▶ [WHAT YOU ARE ASKED TO DO] Would you give the listing again exactly, without its images?
** DATA SEGMENT follows **
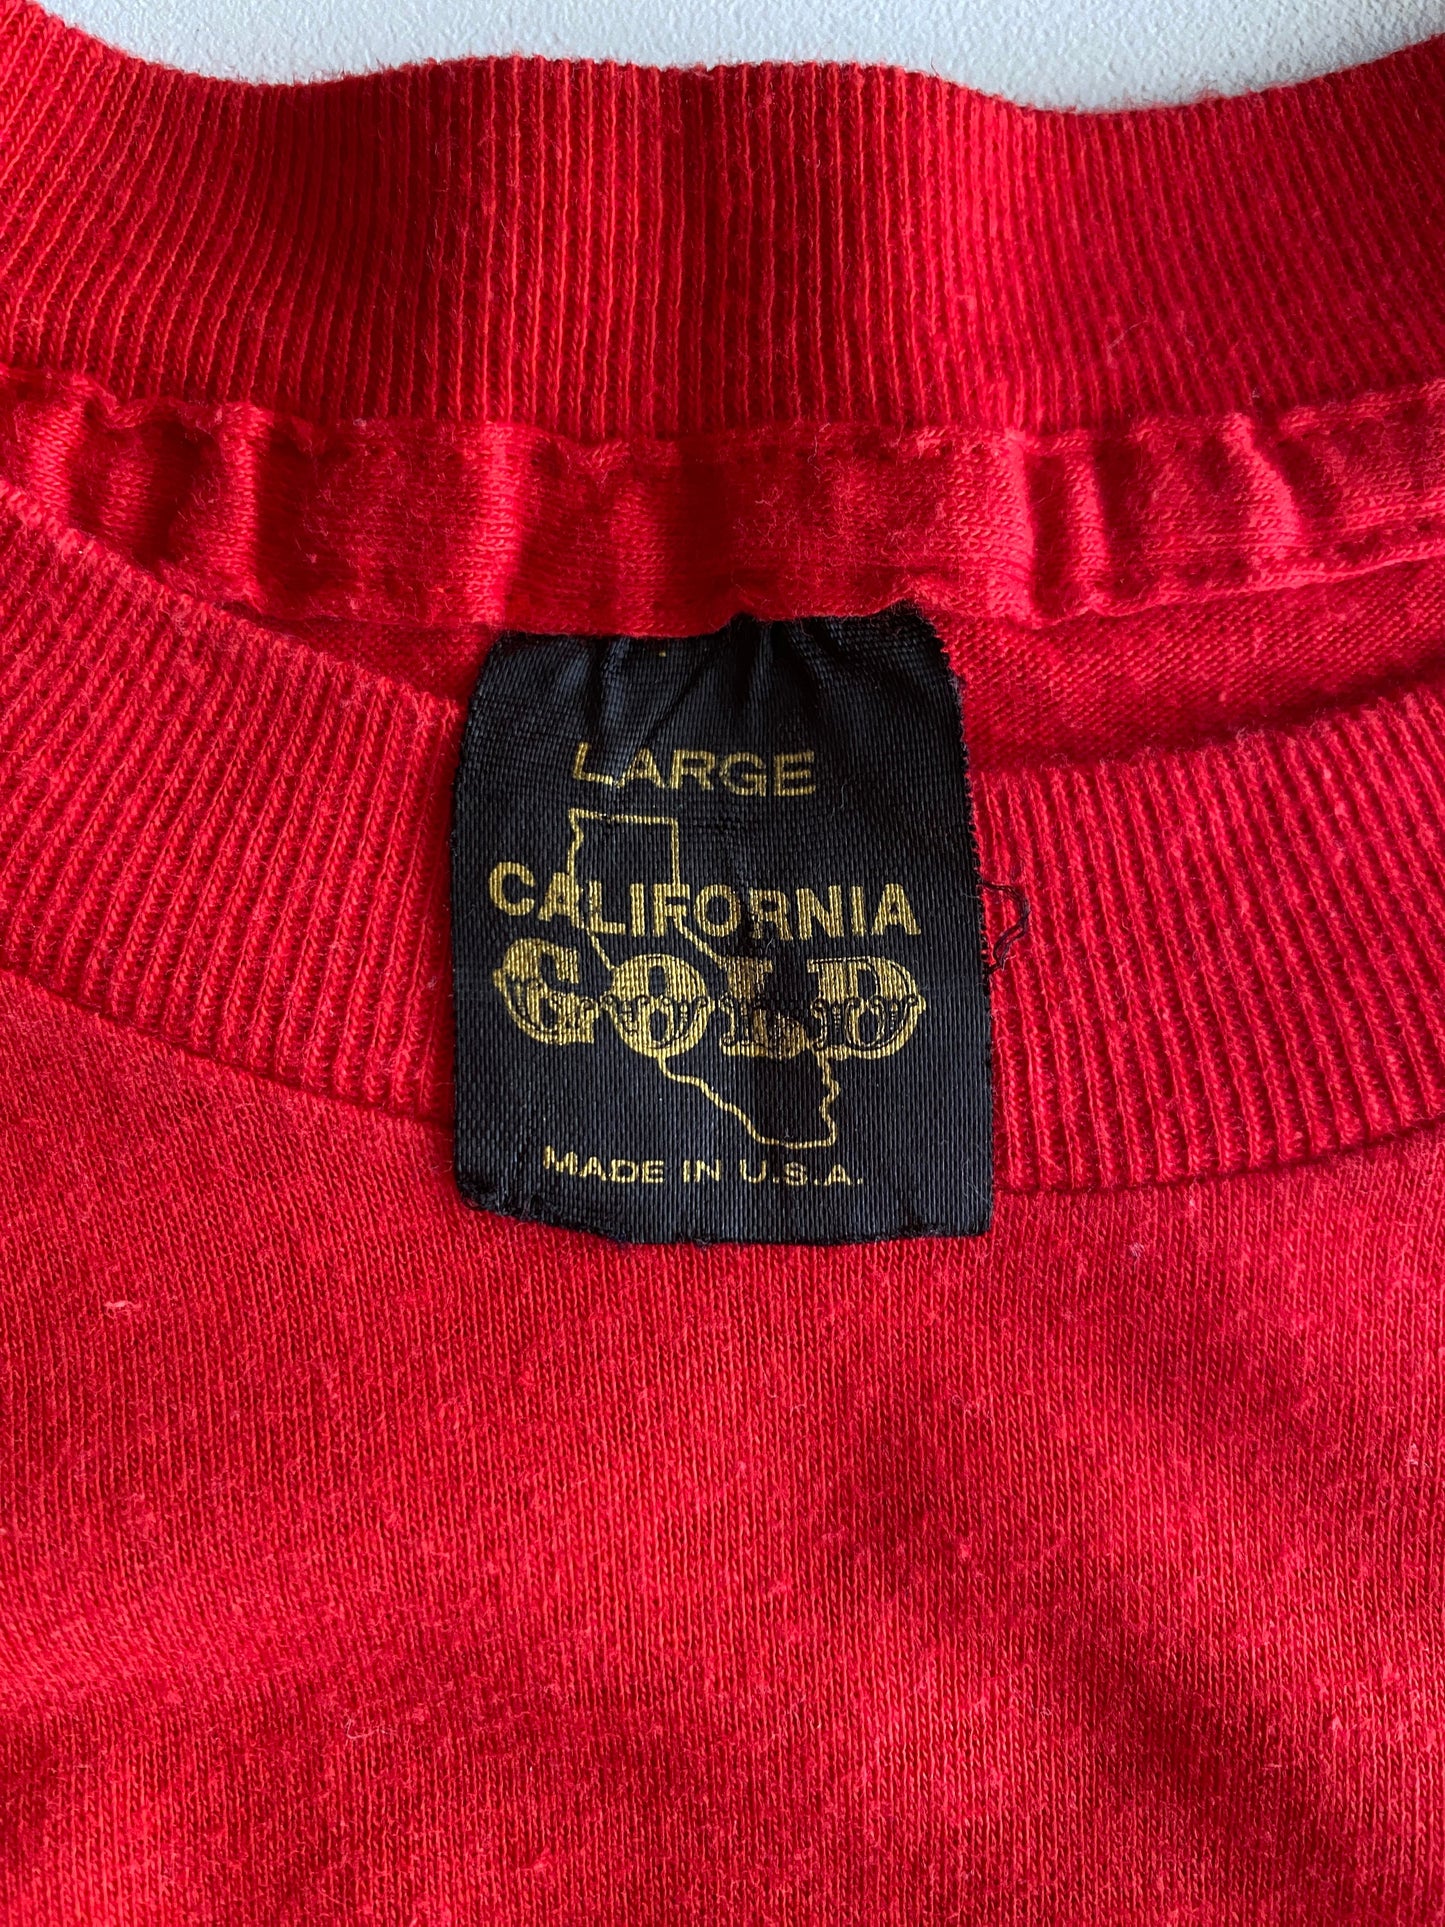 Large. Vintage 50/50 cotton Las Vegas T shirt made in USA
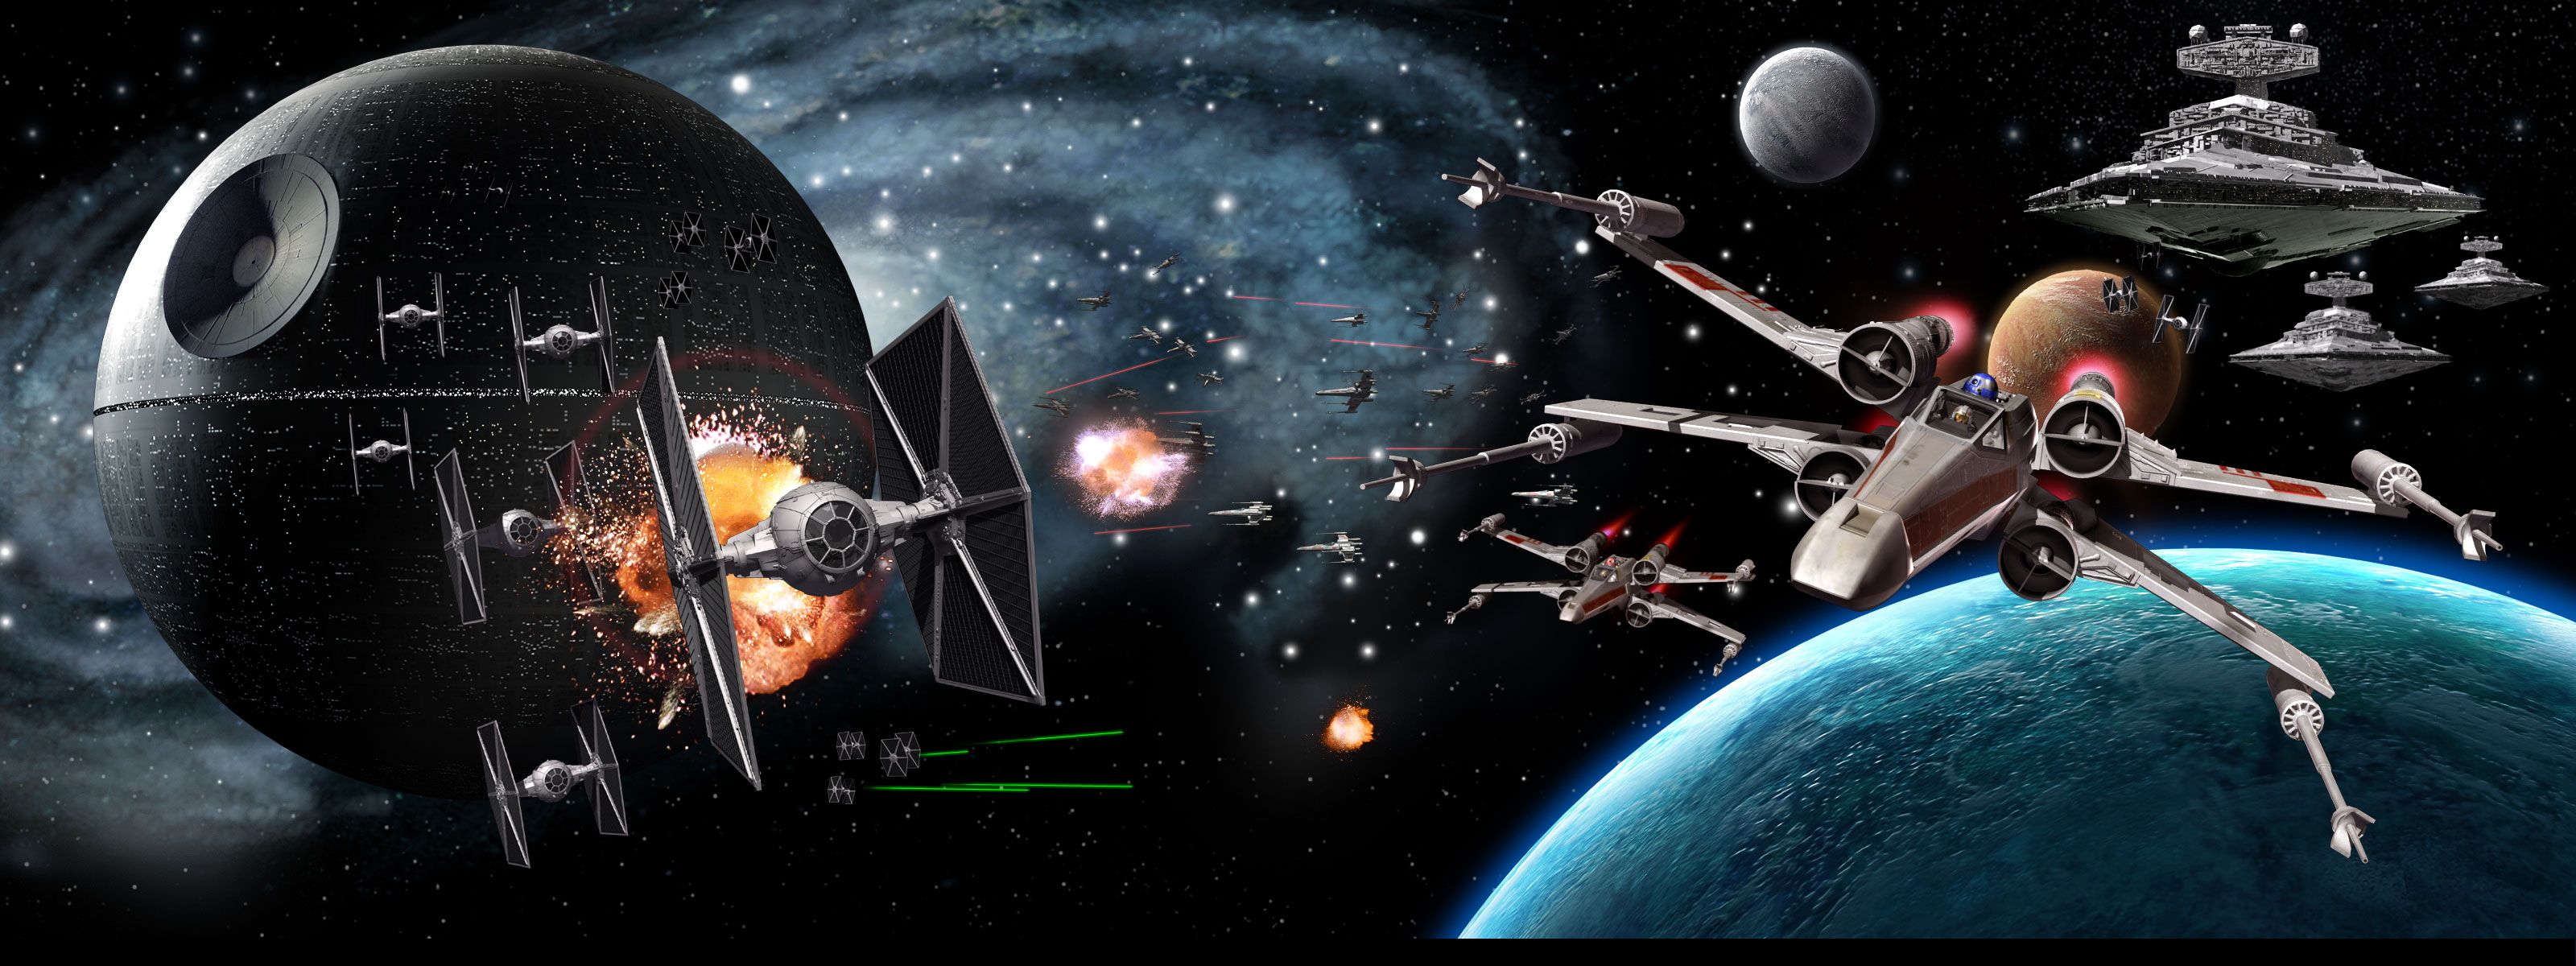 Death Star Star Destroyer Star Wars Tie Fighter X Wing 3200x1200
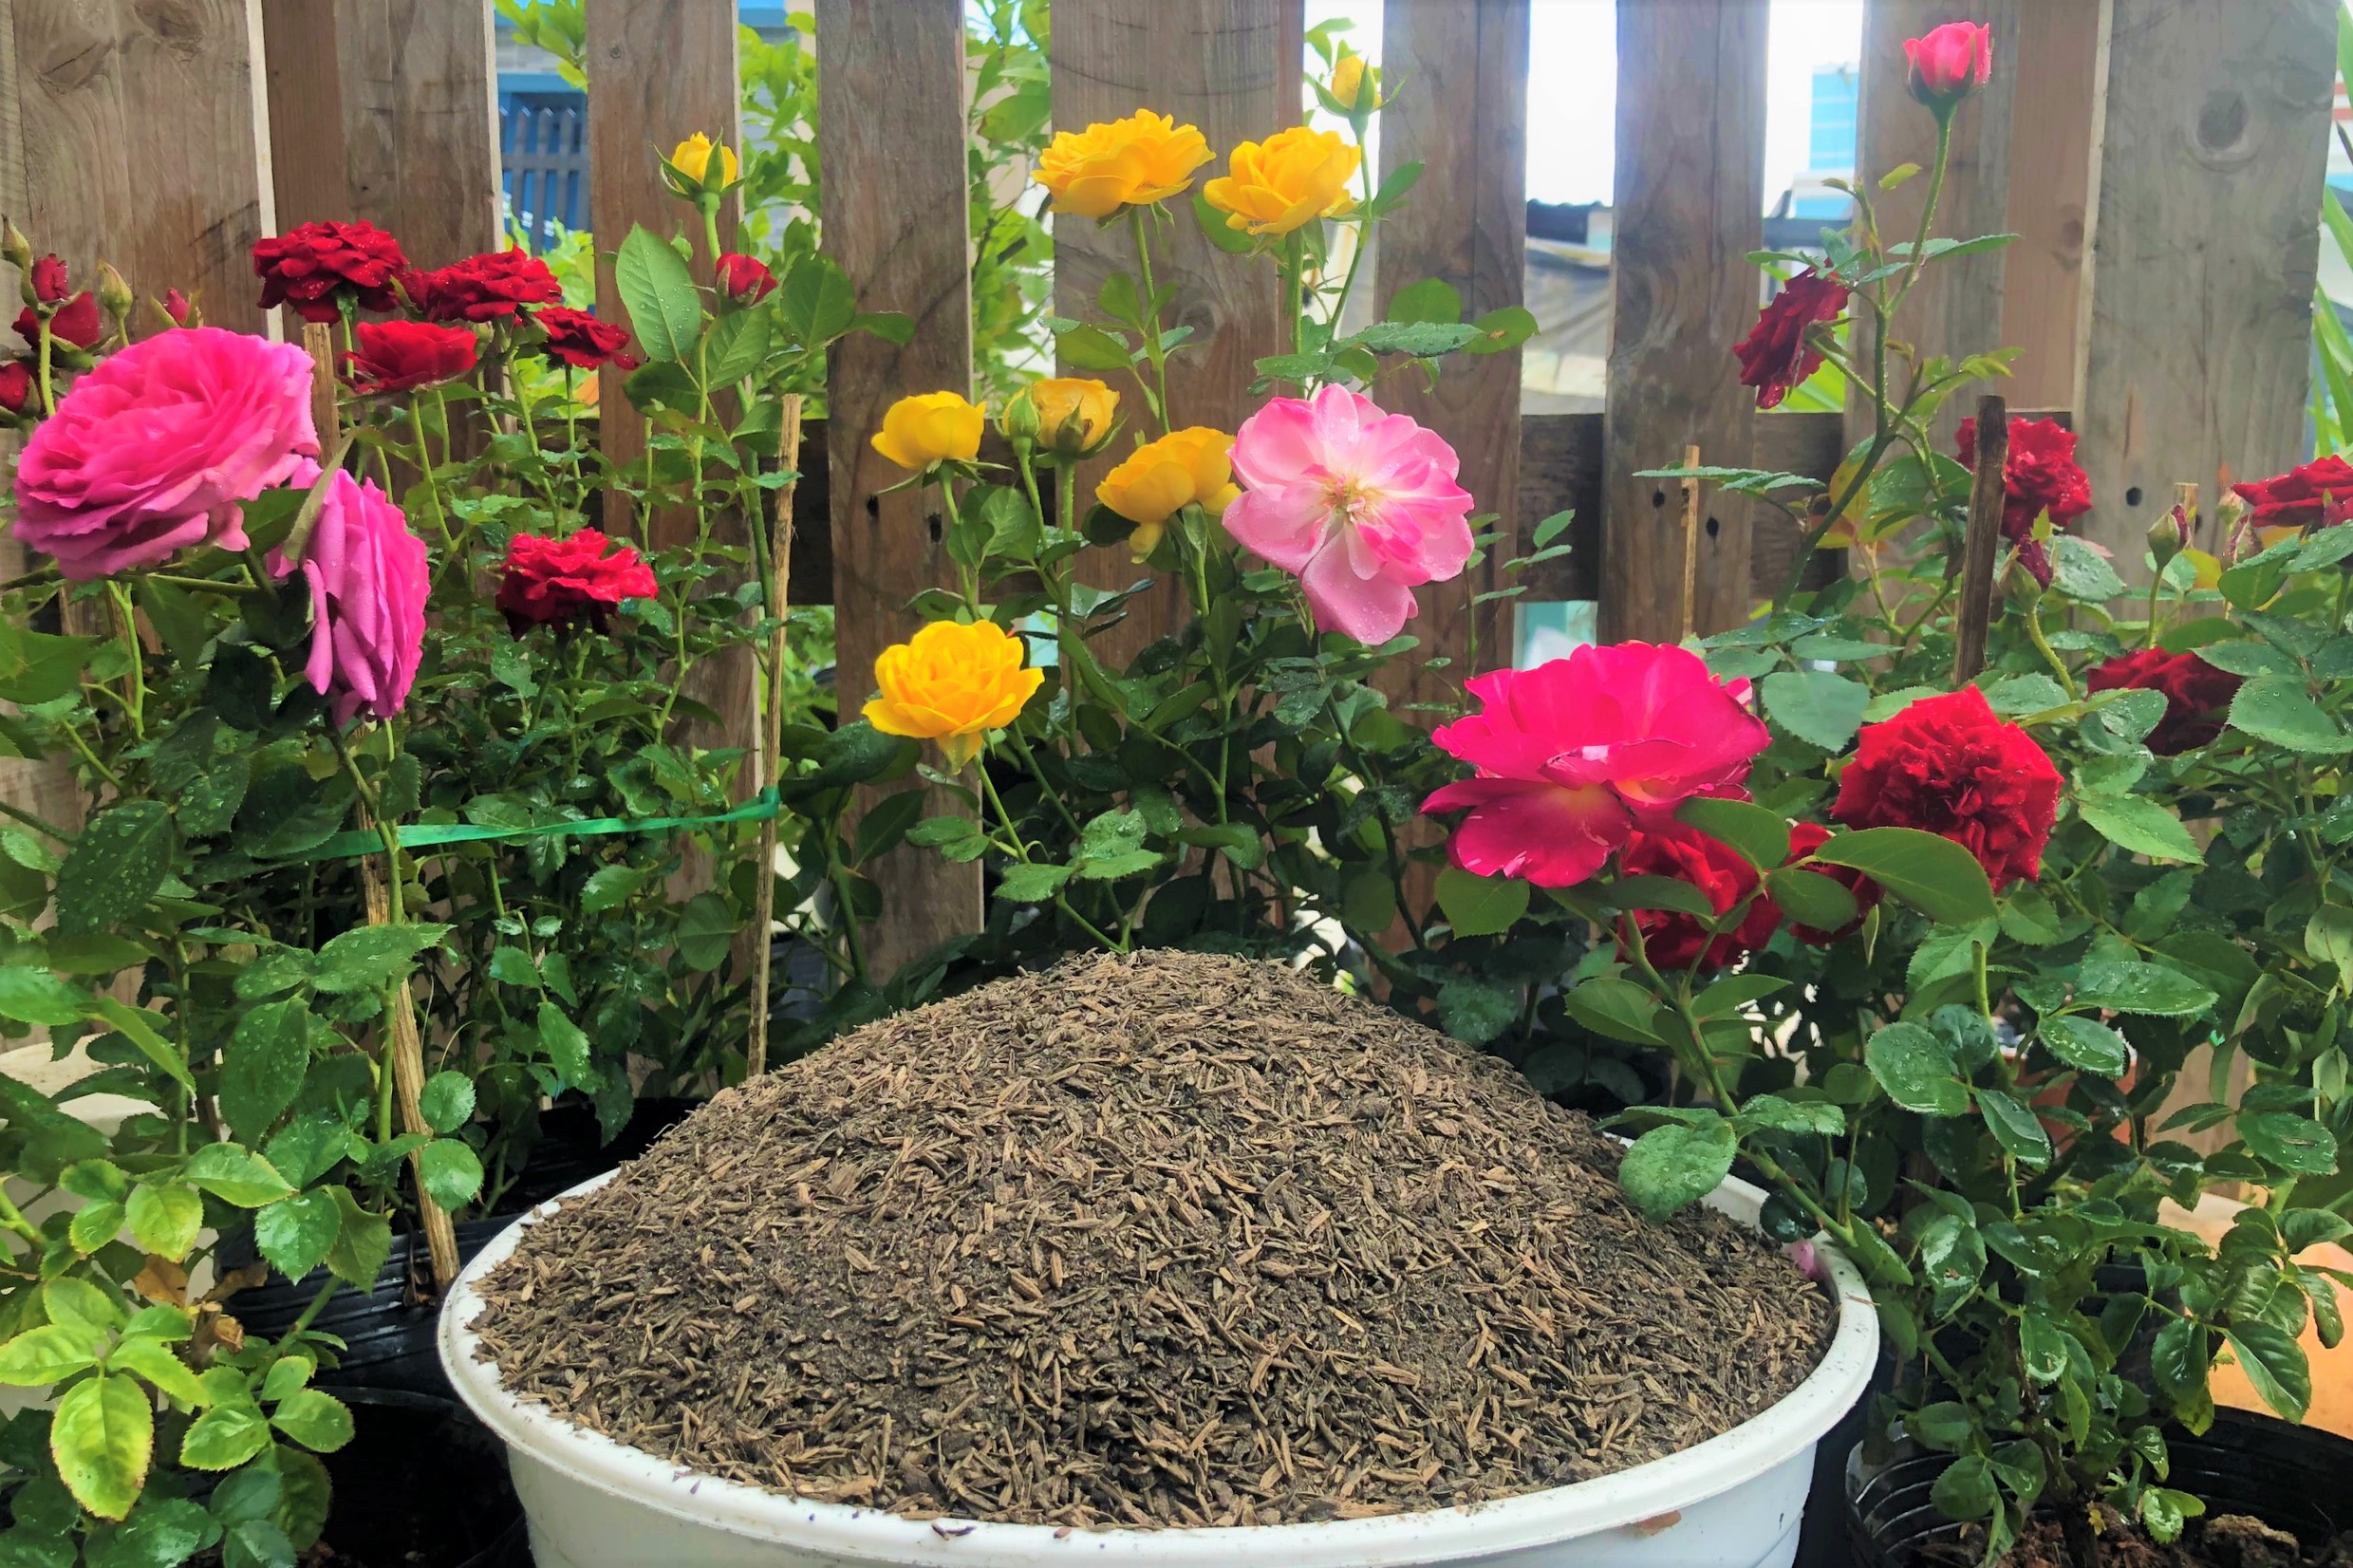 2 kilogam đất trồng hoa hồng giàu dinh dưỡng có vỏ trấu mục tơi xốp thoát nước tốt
** End of DATA SEGMENT **
▶ [EXPECTED OUTPUT]
 Large. Vintage 50/50 cotton Las Vegas T shirt made in USA
 Death Star Star Destroyer Star Wars Tie Fighter X Wing 3200x1200
 2 kilogam đất trồng hoa hồng giàu dinh dưỡng có vỏ trấu mục tơi xốp thoát nước tốt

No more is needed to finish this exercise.